There are many mistakes in this story[citation needed]. Although a single neuron can in fact compute only a small number of logical predicates, it was widely known[citation needed] that networks of such elements can compute any possible Boolean function. This was known by Warren McCulloch and Walter Pitts, who even proposed how to create a Turing machine with their formal neurons (Section III of [19]), is mentioned in Rosenblatt's book, mentioned in a typical paper in 1961 (Figure 15 [20]), and is even mentioned in the book Perceptrons.[21] Minsky also extensively uses formal neurons to create simple theoretical computers in Chapter 3 of his book Computation: Finite and Infinite Machines.

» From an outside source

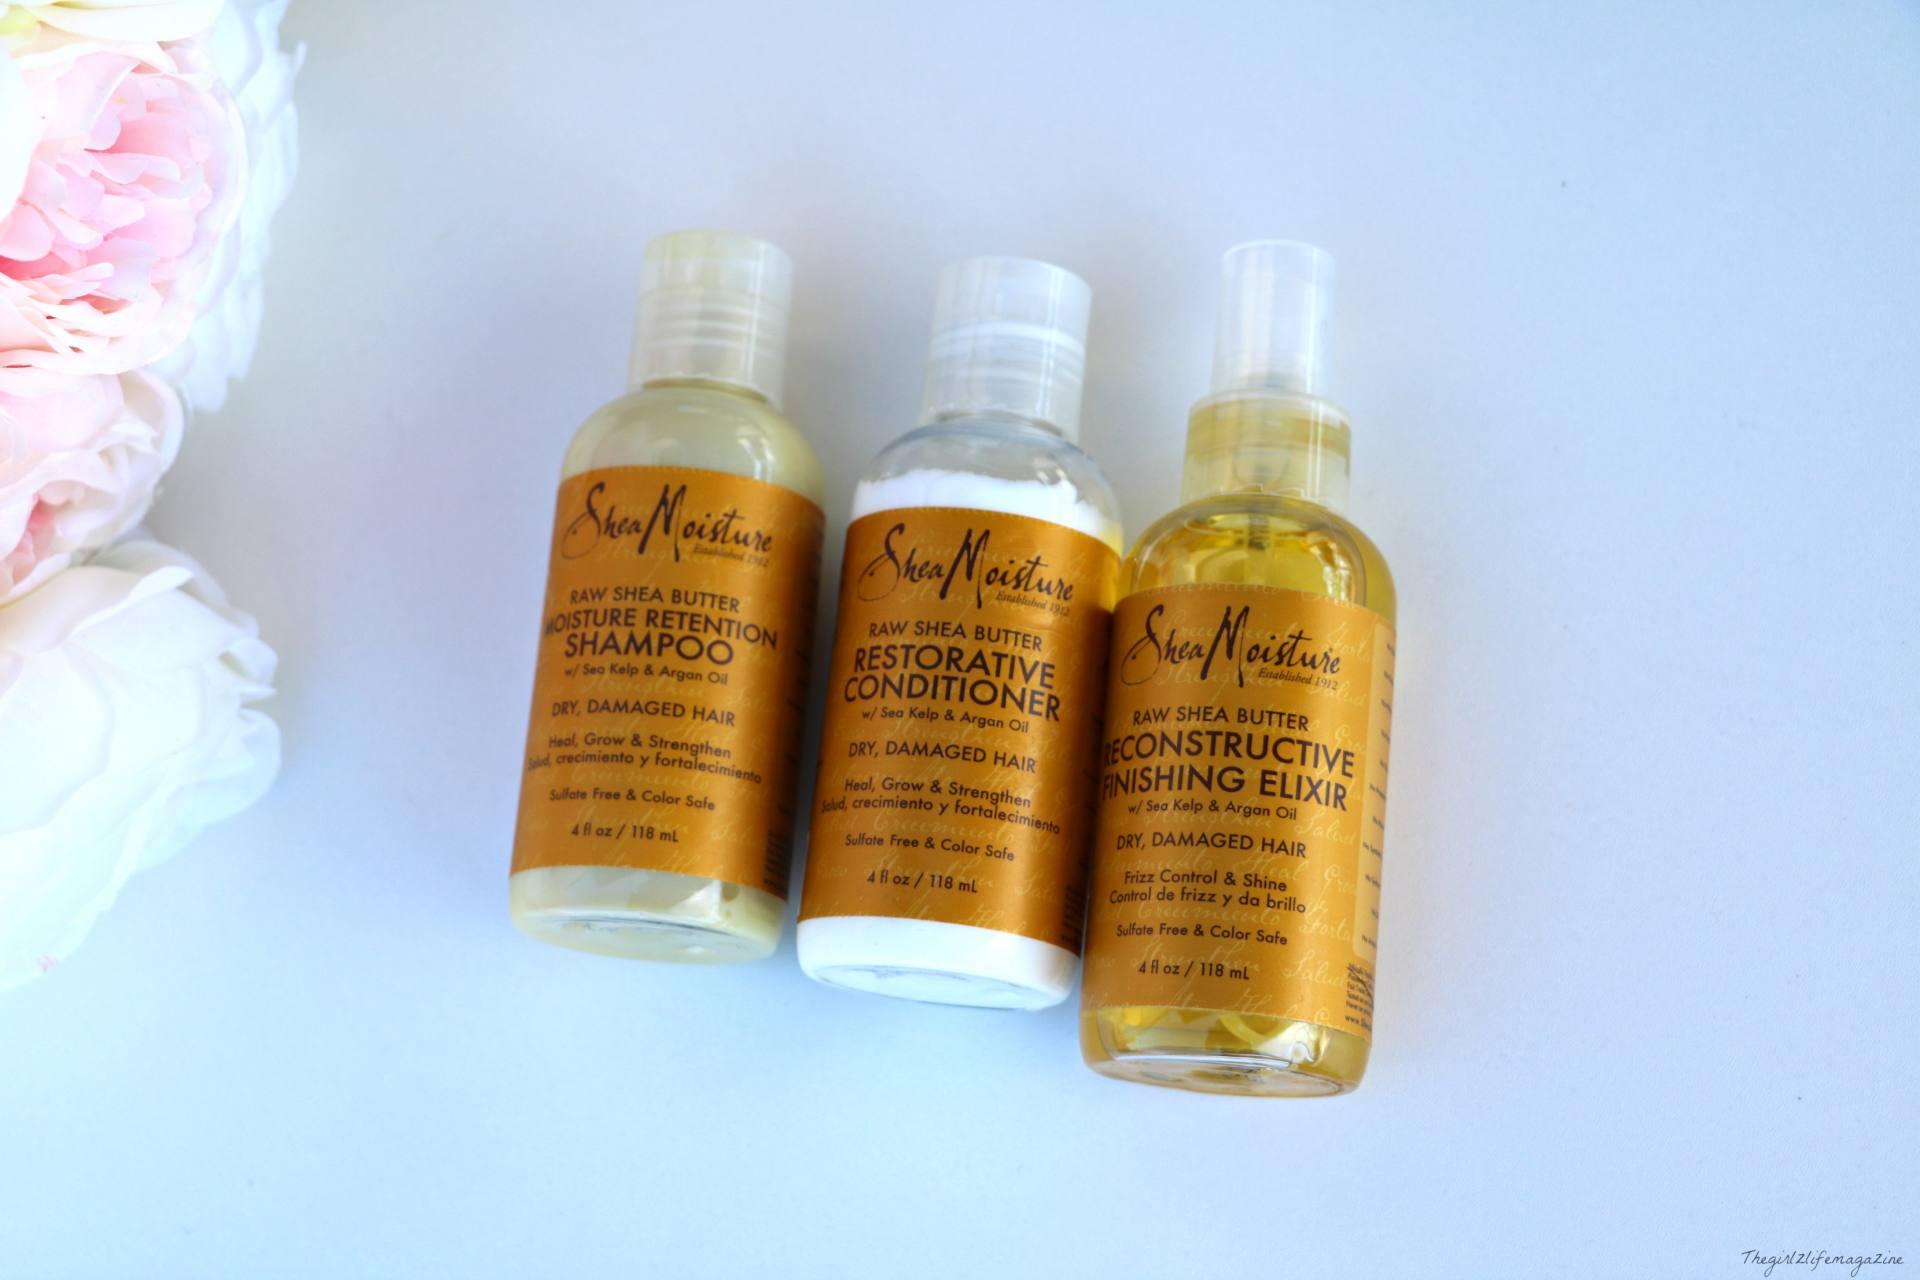 Shea moisture gamme jaune

In the 1960s, a special case of the perceptron network is studied as "linear threshold logic", for applications in digital logic circuits.[22] The classical theory is summarized in [23] according to Donald Knuth.[24] In this special case, perceptron learning was called "Single-Threshold-Element Synthesis by Iteration", and constructing a perceptron network was "Network Synthesis".[25] Other names included linearly separable logic, linear-input logic, threshold logic, majority logic, and voting logic. Hardware for realizing linear threshold logic included magnetic core, resistor-transistor, parametron, resistor-tunnel diode, and multiple coil relay.[26] There were also theoretical studies on the upper and lower bounds on the minimum number of perceptron units necessary to realize any Boolean function.[27][28]

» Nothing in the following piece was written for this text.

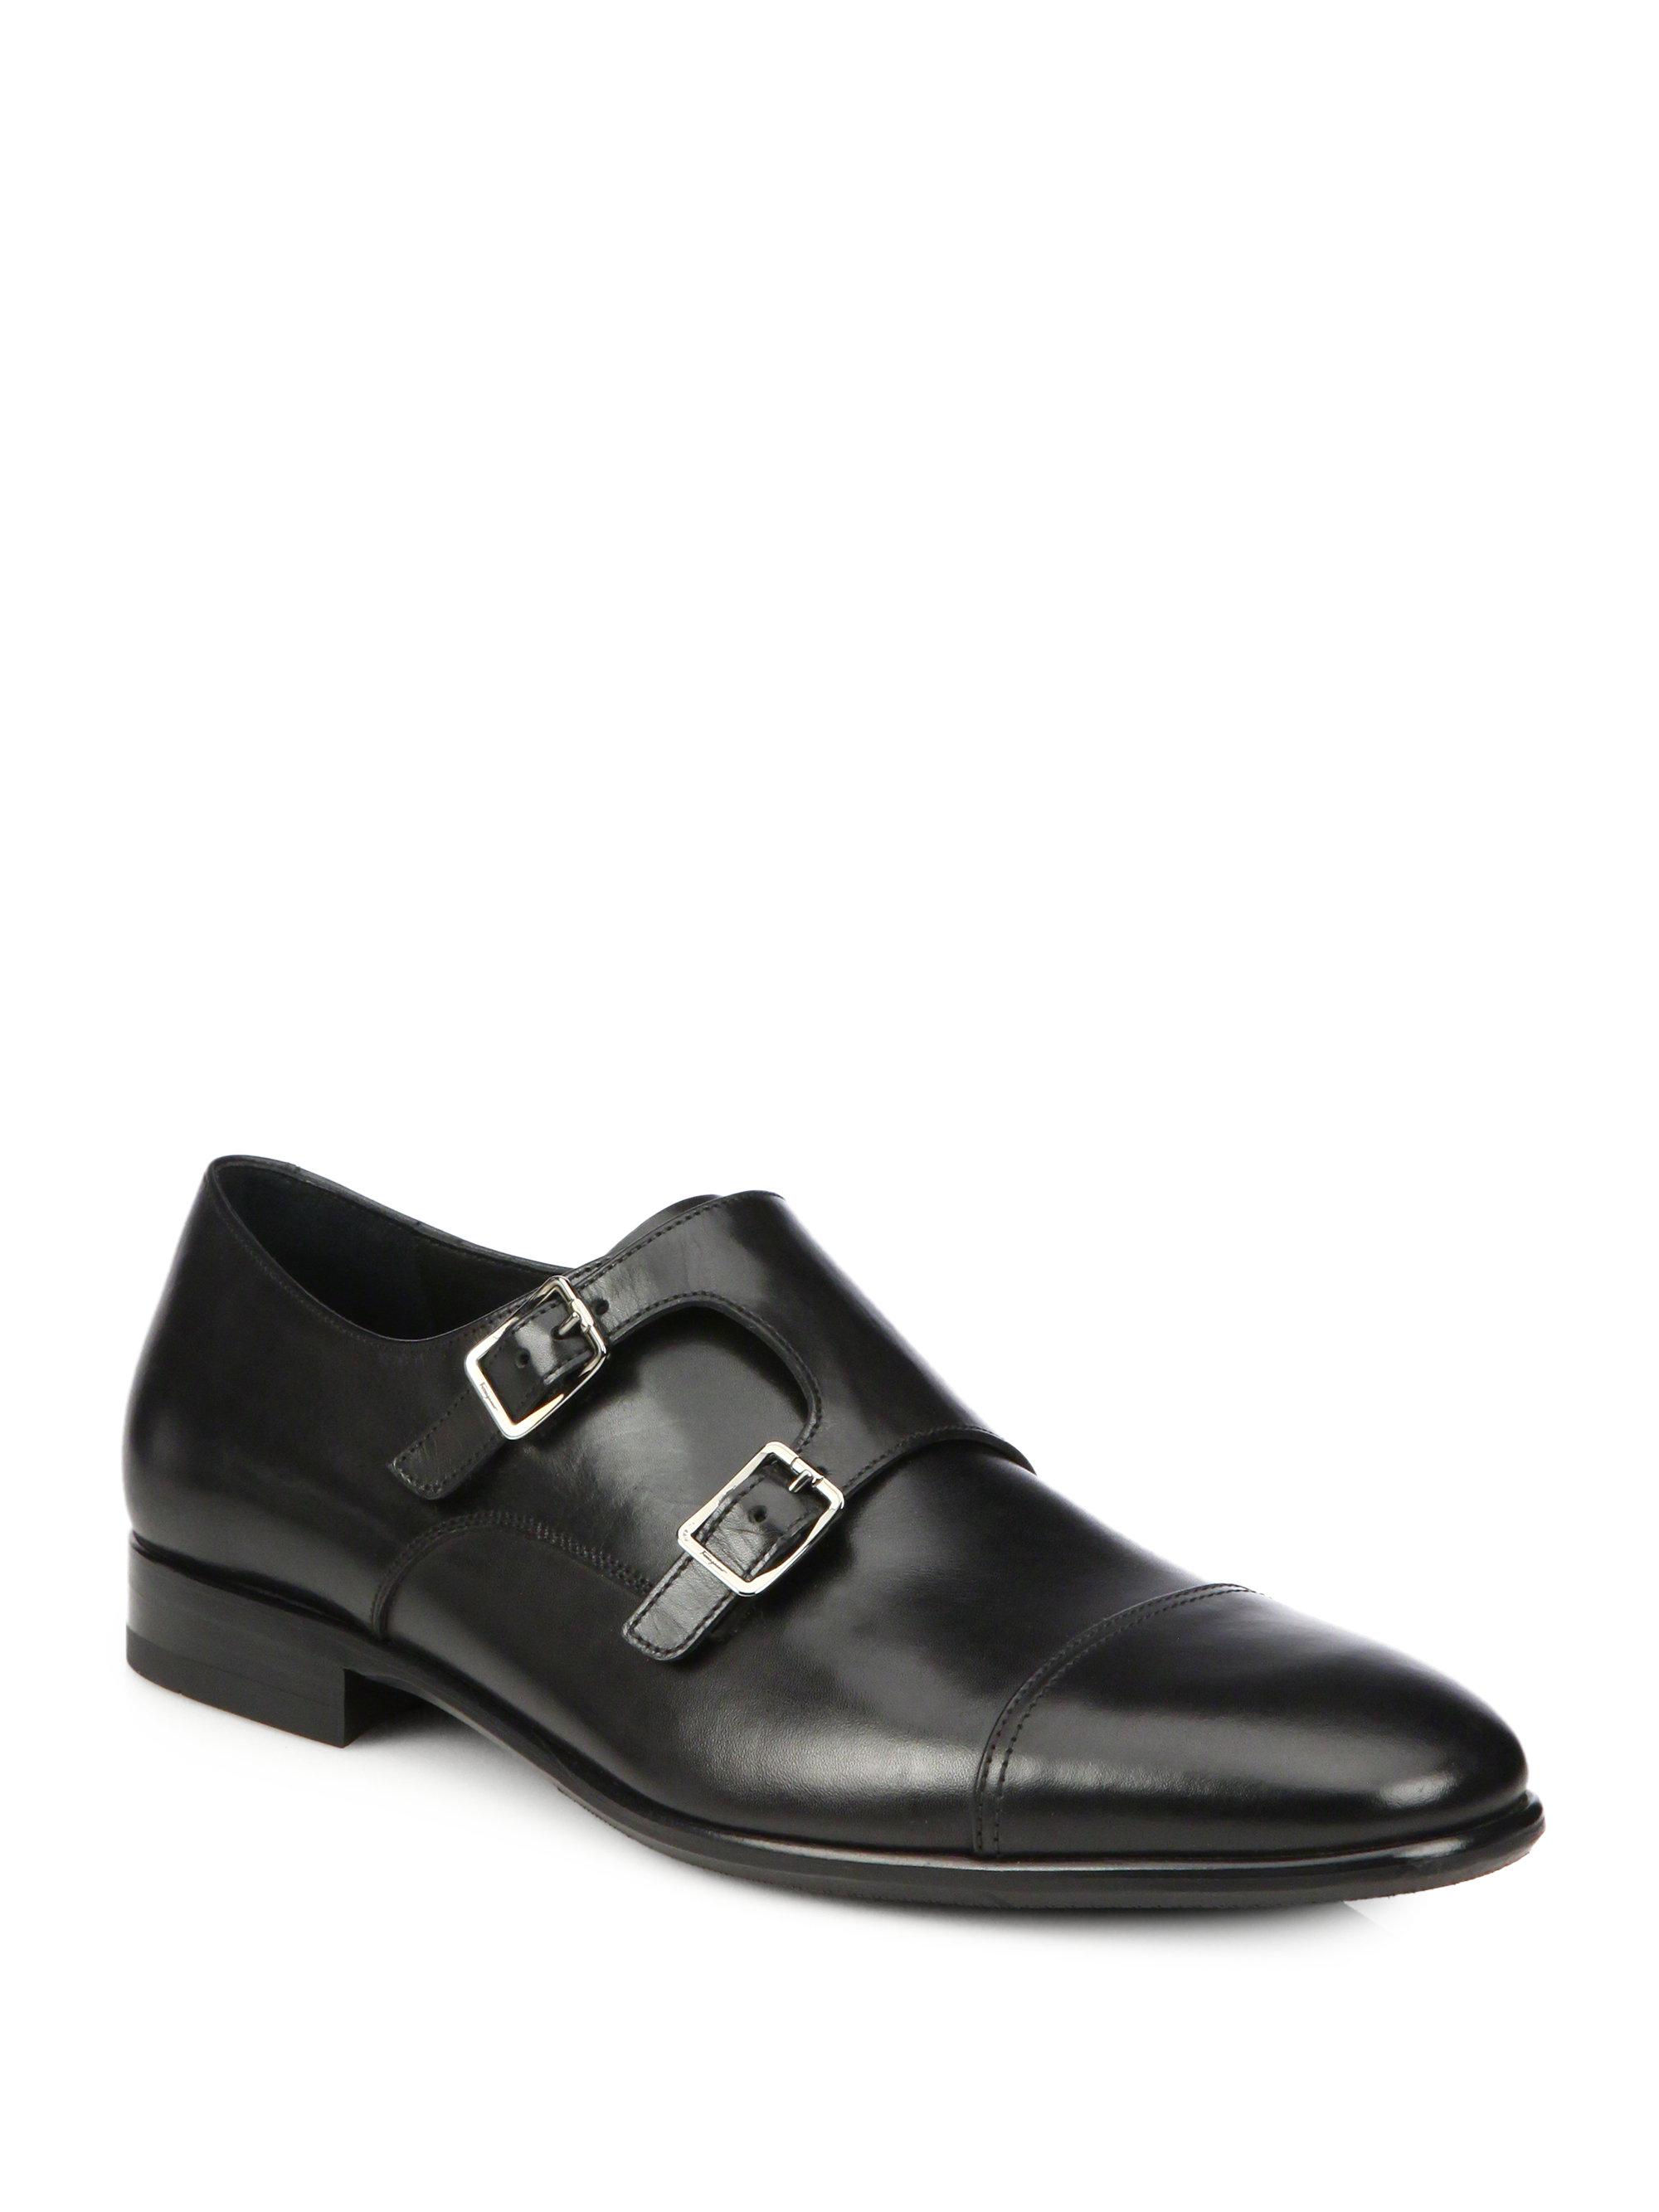 Ferragamo Ferragamo Mens Shoes In Black For Men Lyst

What the book does prove is that in three-layered feed-forward perceptrons (with a so-called "hidden" or "intermediary" layer), it is not possible to compute some predicates unless at least one of the neurons in the first layer of neurons (the "intermediary" layer) is connected with a non-null weight to each and every input (Theorem 3.1.1, reproduced below). This was contrary to a hope held by some researchers [citation needed] in relying mostly on networks with a few layers of "local" neurons, each one connected only to a small number of inputs. A feed-forward machine with "local" neurons is much easier to build and use than a larger, fully connected neural network, so researchers at the time concentrated on these instead of on more complicated models[citation needed].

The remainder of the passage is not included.